Rusneftegaz has elected to publish its full consolidated financial statements for 2015. These results were prepared in accordance with International Financial Reporting Standards, otherwise known as IFRS, and have been audited by Deloitte. Foremost, the directors can report a positive financial performance for the year. A synopsis of which is as follows:
At the end of the financial year, Rusneftegaz has overcome significant detrimental macroeconomic factors to increase its reported net profit from $122,5 million to $153,7 million, despite a fall in revenue from $552,9 million to $431,2 million. Over the course of the reporting period, there has been a consequential devaluation in our functional currency, the Russian ruble, and a global depreciation in commodity prices. However, management has mitigated this through its extensive electricity generation program, which has led to revenue earned through the sector escalating from $184,3 million to $233,5 million, and also becoming the largest segment within the Rusneftegaz group of companies.
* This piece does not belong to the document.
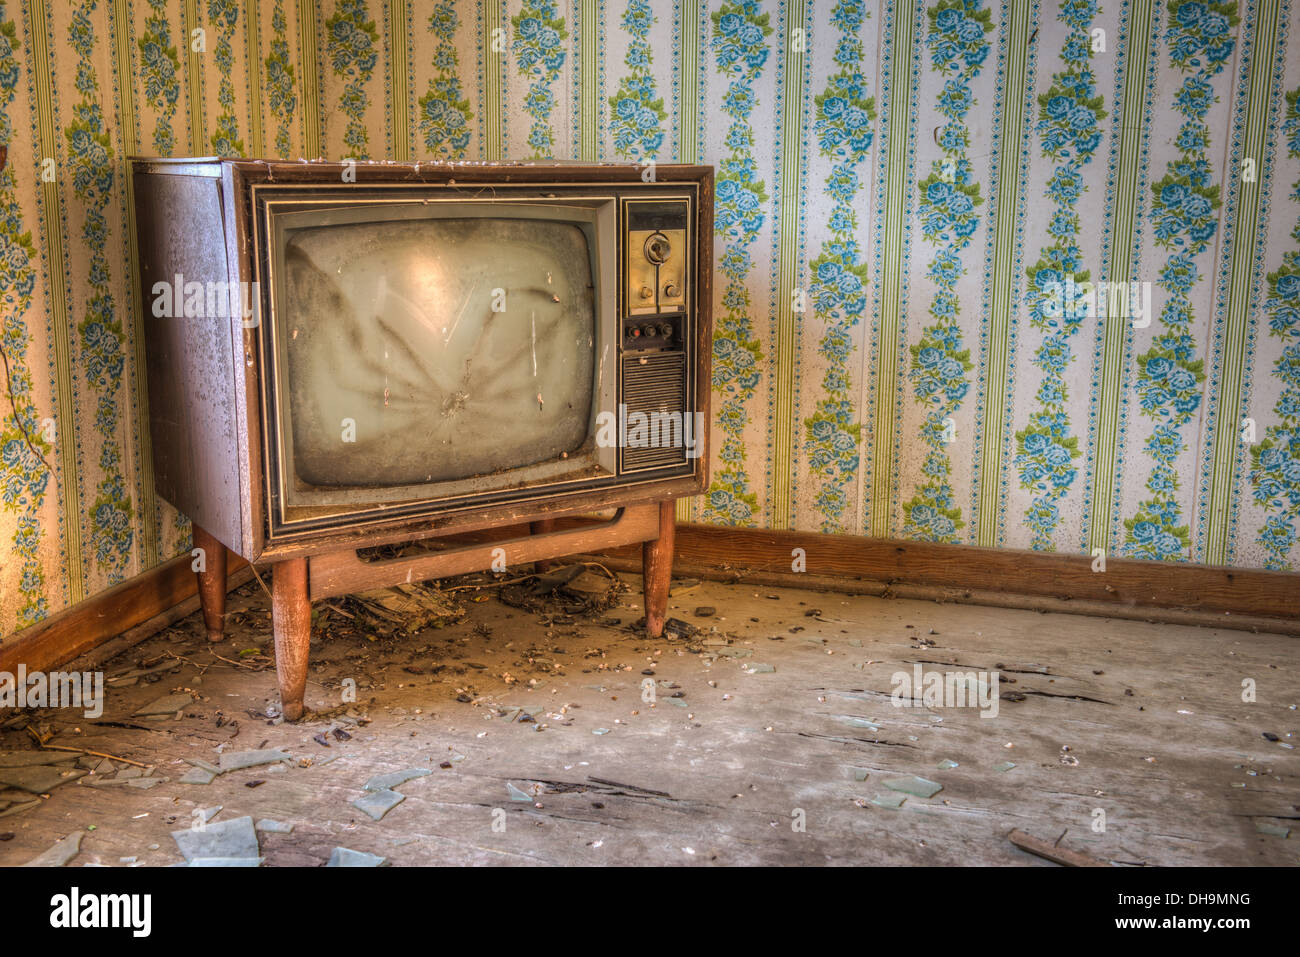 An abandoned television set in an abandoned rural home. Stock Photo

Petroleum production only attributed to $197,7 million of earned revenue, compared to $368,6 million in 2014, with oil output also diminishing from 8,35 million barrels per year to a total of 5,88 million barrels produced last year.
However, this abatement is part of our strategy in response to the fall in oil prices, and has managed to preserve the integrity and profitability of Rusneftegaz’s oil sector whilst retaining unextracted oil reserves for deployment in the future. The fulcrum of the relative prosperity of our petroleum division is largely as a result of a material reduction in mineral extraction taxes from $179,3 million to $28,2 million, due to some of our oilfields now being exempt from the tariff. The decline in the value of the Russian ruble was also responsible for falls in labor costs from $40,1 million to $38,7 million, and maintenance charges from $11,5 million to $9,9 million. There were increases in other costs affiliated with crude oil extraction, including a rise in transportation charges from $7,1 million to $8,2 million, by virtue of oil deliveries inside the European Union.
Likewise, total electricity output also fell from 11,53 TWh in 2014 to 11,39 TWh in 2015, although contrarily the net profits from the generation division rose to $37,1 million from $15,5 million the year prior. This was in spite of stagnation in fuel costs at $115,0 million, rising $0,2 million from $114,8 million, and transmission costs, which were maintained at $1,7 million across both periods. There was, however, a sizable decrease in administrative costs in 2015, which is composed of the wages of office-based staff, legal fees and insurance premiums, from $17,2 million to $9,0 million. Overall for the year, earnings per share amounted to $122 per share, and revenue per share amounted to the equivalent of $553 per share.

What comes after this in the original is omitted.